Climbing is something Jaivir Pande’s family and their home country are familiar with. Born in the United States to Nepali parents, Pande spent every summer traveling back to Nepal to spend time with his family. In Nepal, Pande picked up golf by playing with his grandfather, Gaurav Rana. Rana is an influential military officer in the small country, once acting as Nepal’s Army Chief of Staff.
Rana took his grandson out to the golf course when Jaivir turned 5. By the time Pande was 9, he was already besting his grandfather.
“I watch videos of his swing when I’m struggling on the course,” says Rana.
Golf in Nepal is relatively new. The country discovered the sport in 1917, on a diplomatic expedition by a delegation from the Prime Minister at the time. Part of the delegation included Gaurav Rana’s grand uncle, who is credited with bringing the sport to Nepal.
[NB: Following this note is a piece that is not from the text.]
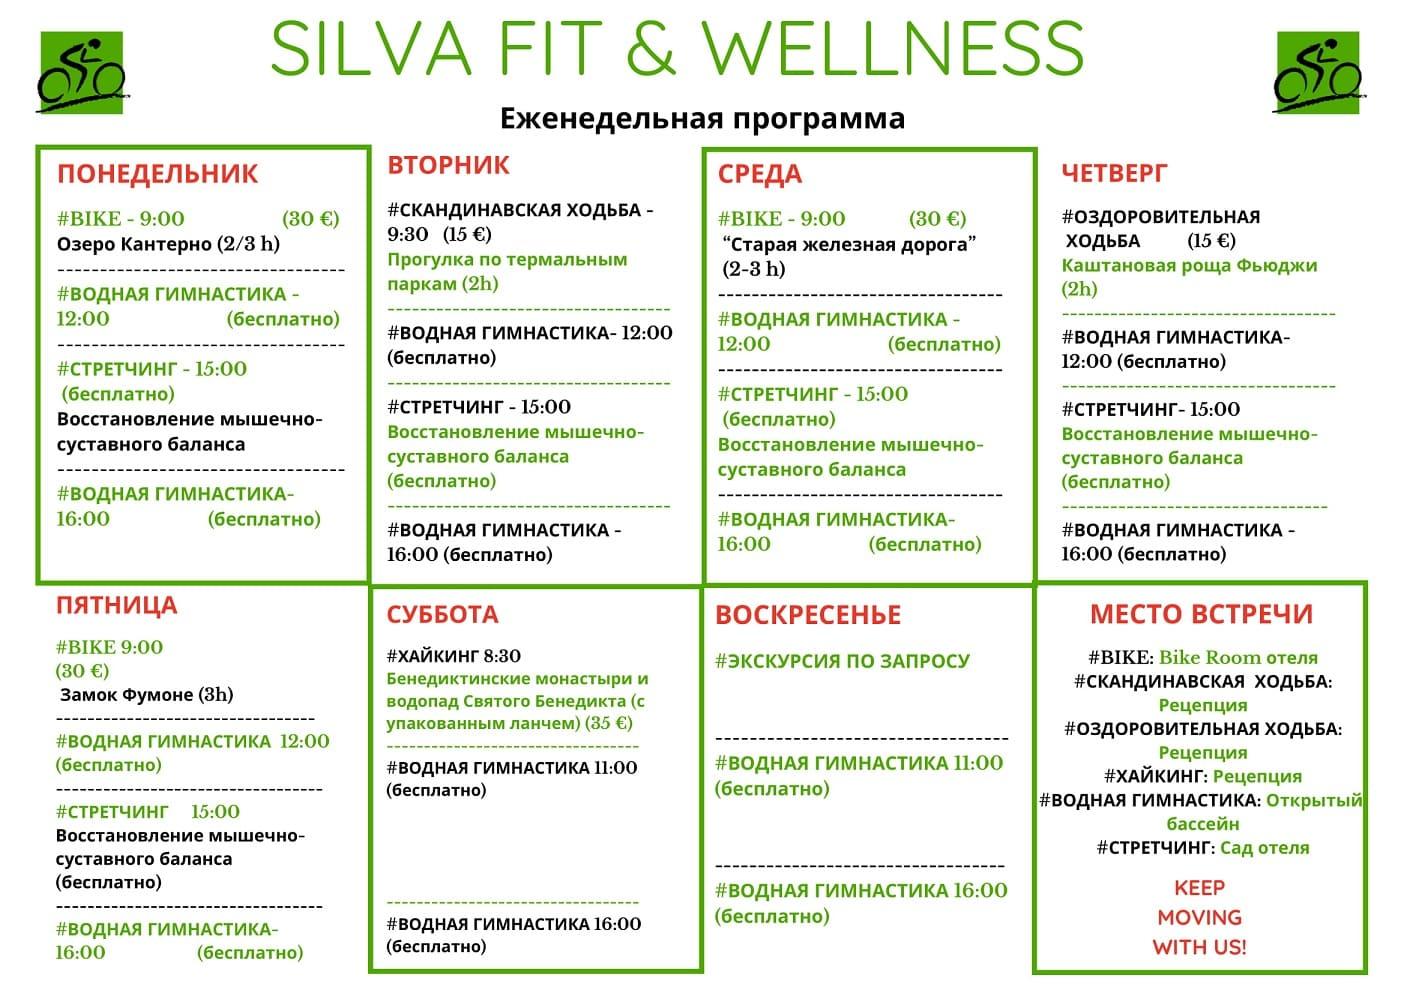 Ежедневная программа спортивных занятий в Silva Hotel Splendid

Golf is literally in Jaivir’s blood.
“It’s a lot of pressure, but my family, they’ve really made me realize what this opportunity is,” said Pande. “It would mean a lot to me to go on to play professionally.”
Nepal has no touring professional golfers. Not on the PGA Tour, European Tour, or even smaller world tours like the Asian Tour and Sunshine Tour (South Africa), although some golfers are trying to qualify in Asia.
A week before Hideki Matsuyama captured Japan’s first major, Pande won the Drive, Chip and Putt Tournament at Augusta. Though representing Houston, when Pande took his first swing at the vaunted golf course, he became the first person of Nepali descent to play Augusta National.
“It was everything and beyond I could have possibly ever imagined,” said his father Sabra Pande.
After scoring 9/10 on both the drive and chip disciplines, Jaivir Pande hit his first putt close enough to leave 4 feet, 8 inches to win.
Jaivier Pande holed the putt.
“It was so gratifying because I worked very hard preparing for that tournament,” said Jaivier Pande.
Now, at his home course the Westwood Country Club, other members ask him for selfies. The 16-year-old is not only a celebrity at home. His home country follows his every move.
“All of the golfers in Nepal watch his progress,” says his grandfather.
Next, Jaivir Pande has an important summer of junior tournaments. He hopes to make an impression on top golf schools with strong academics.
For Jaivir Pande, his summit is not at the top of any mountain. It’s at the bottom of the cup.